Our final analysis is a line graph displaying the average reliability rating of the most plentiful car makes in our dataset, limited to models from the year 2013 to 2022.It underscores the ebb and flow of quality in the automotive industry, with each make showing unique trends in reliability over time.

Observations

  • The ratings generally range between approximately 3.5 and 5.0, with most makes clustering around the 4.0 to 4.8 range.
  • Most makes show fluctuations in reliability over the years, with no consistent trend across all makes.
  • Some makes exhibit significant variability from year to year, suggesting possible changes in production quality, model refreshes, or changes in consumer expectations.
  • At various points in time, different makes take the lead in reliability ratings. There is no single make that consistently has the highest or lowest ratings throughout the entire period.
  • No make maintains a perfect or near-perfect average reliability rating over the entire period, emphasizing the competitive and dynamic nature of the auto industry.
  • Cadillac specifically shows a sharp decline in the average reliability rating from 2020 to 2021. This is primarily due to the ratings of the Escalade, which saw a significant decrease year-over-year and comprise the majority of the Cadillac vehicles posted for sale.
  • GMC, another General Motors manufactured model, saw a similar downtrend. Given that GM shares its platforms across brands, this is not surprising given the decline seen with Cadillac.

Considerations

  • The graph does not account for the number of models offered by each make or other factors such as the severity of the issues that affect reliability ratings.
path = 'C:/Users/GregoryNeeley/Desktop/Python Visualizations/'

### Average Reliability Rating by Make Over Time

## Data Preparation

# Filter out rows with a year prior to 2013
reliability_df = df[df['Year'] >= 2013]

# Drop rows without Reliability ratings
reliability_df = reliability_df.dropna(subset=['ReliabilityRating'])

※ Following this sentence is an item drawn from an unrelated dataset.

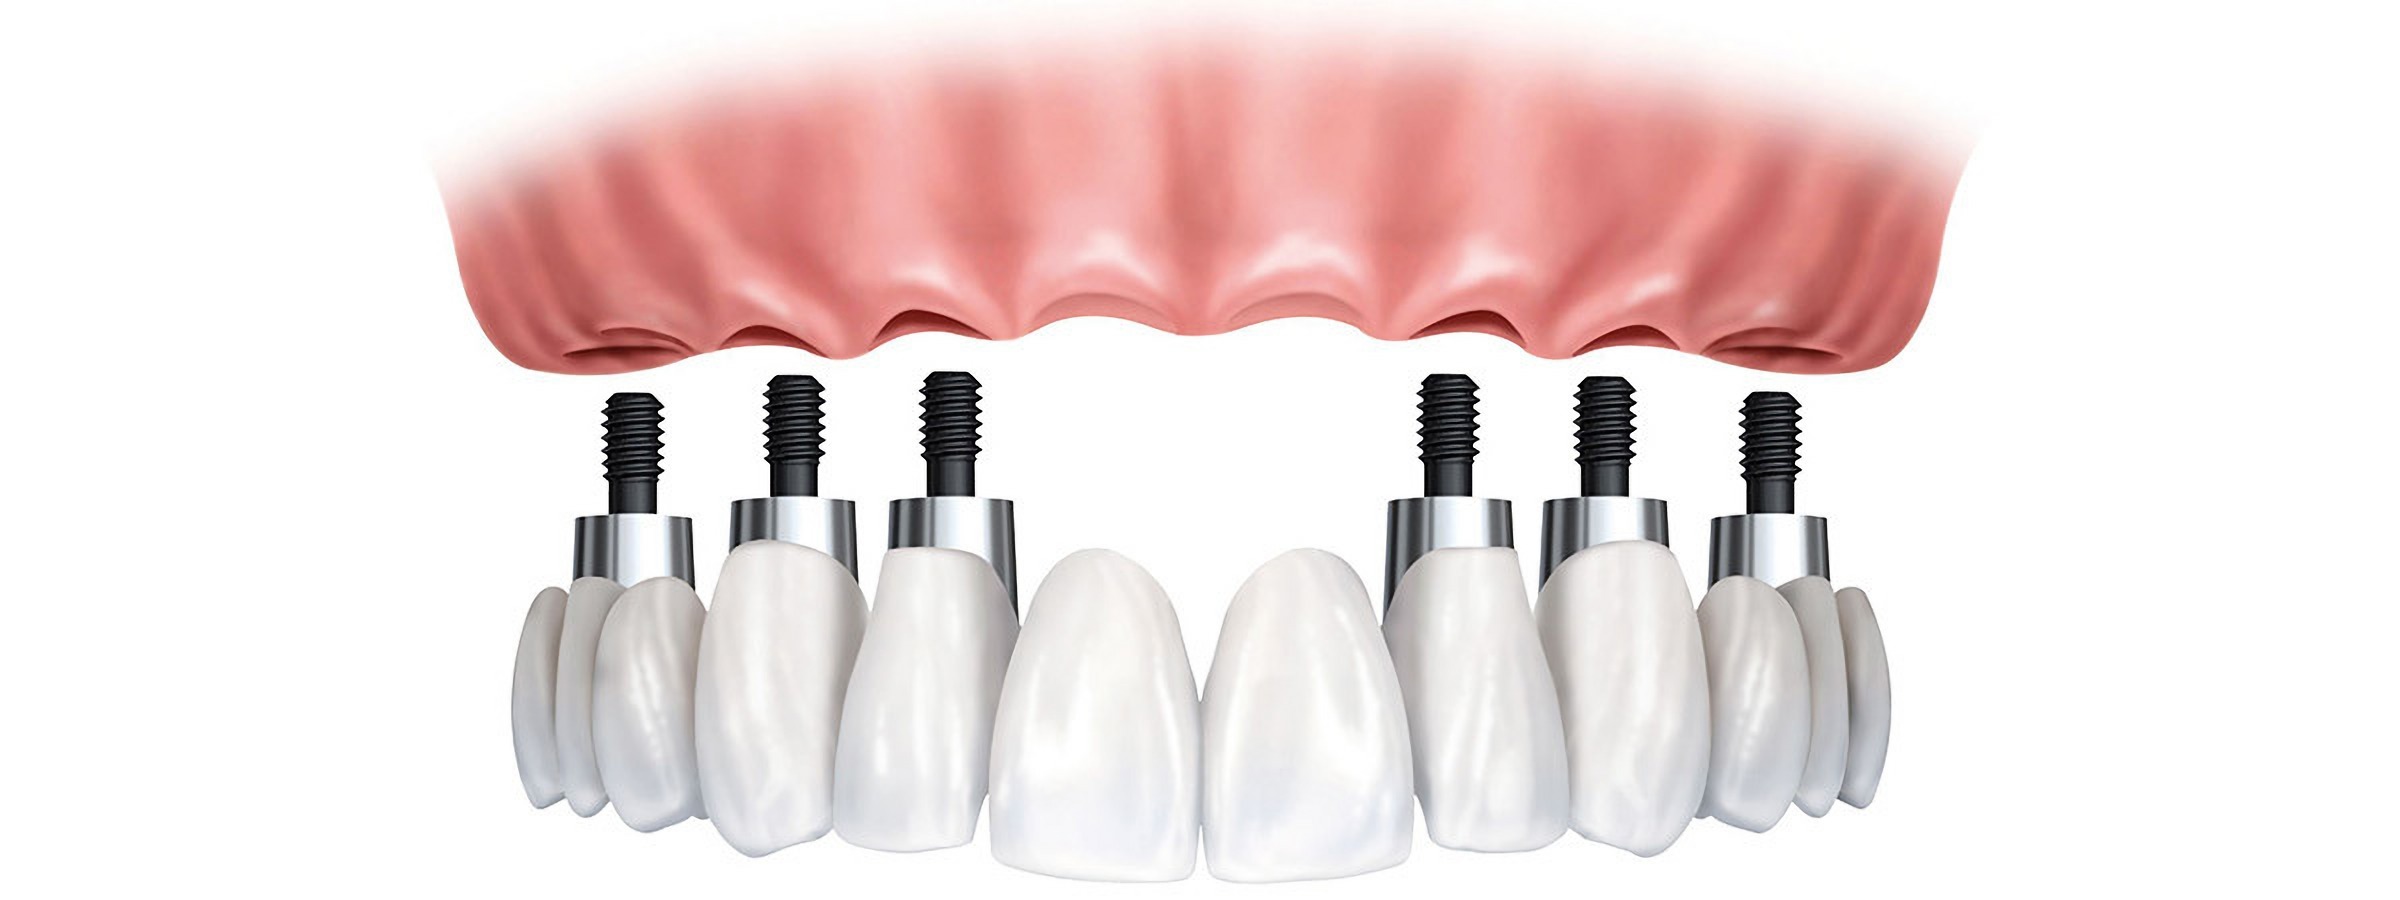 Установка зубных имплантов в Турции

# Count the number of occurrences for each Make and filter for those with 200 or more listings
make_counts = reliability_df['Make'].value_counts()
popular_makes = make_counts[make_counts >= 200].index.tolist()
reliability_df = reliability_df[reliability_df['Make'].isin(popular_makes)]

# Group by Year and Make, then calculate the mean reliability rating
reliability_data = reliability_df.groupby(['Year', 'Make'])['ReliabilityRating'].mean().reset_index()

# Create the line plot for average reliability rating over time by make
fig = px.line(reliability_data, x="Year", y="ReliabilityRating", color='Make',
              title='Average Reliability Rating Over Time by Make (2013 and Later)',
              labels={'ReliabilityRating': 'Average Reliability Rating', 'Year': 'Year'});

# Add labels and title to the heatmap

fig.update_layout(xaxis_title='Year',
                  yaxis_title='Average Reliability Rating',
                  height=600,
                  title_x=0.5,
                  legend_title='Make',
                  xaxis=dict(tickmode='linear'),
                  margin=dict(l=30, r=30, t=60, b=30));

fig.update_xaxes(tickangle=45)

pio.write_html(fig, path + "Average_Reliability.html", auto_open=False)

Conclusion

The analysis of the used car listings dataset offers valuable insights into the market dynamics, consumer preferences, and the interplay between various car attributes. These visualizations provide a view of the data, aiding users in understanding some of the many aspects involved in making informed decisions in the used car market. With vehicle prices continually rising due to external influences such as inflation and supply chain disruption, it is important to consider factors not only along the lines of price, but also reliability as more expensive purchases are accompanied by a desire to extend the lifetime of their utility.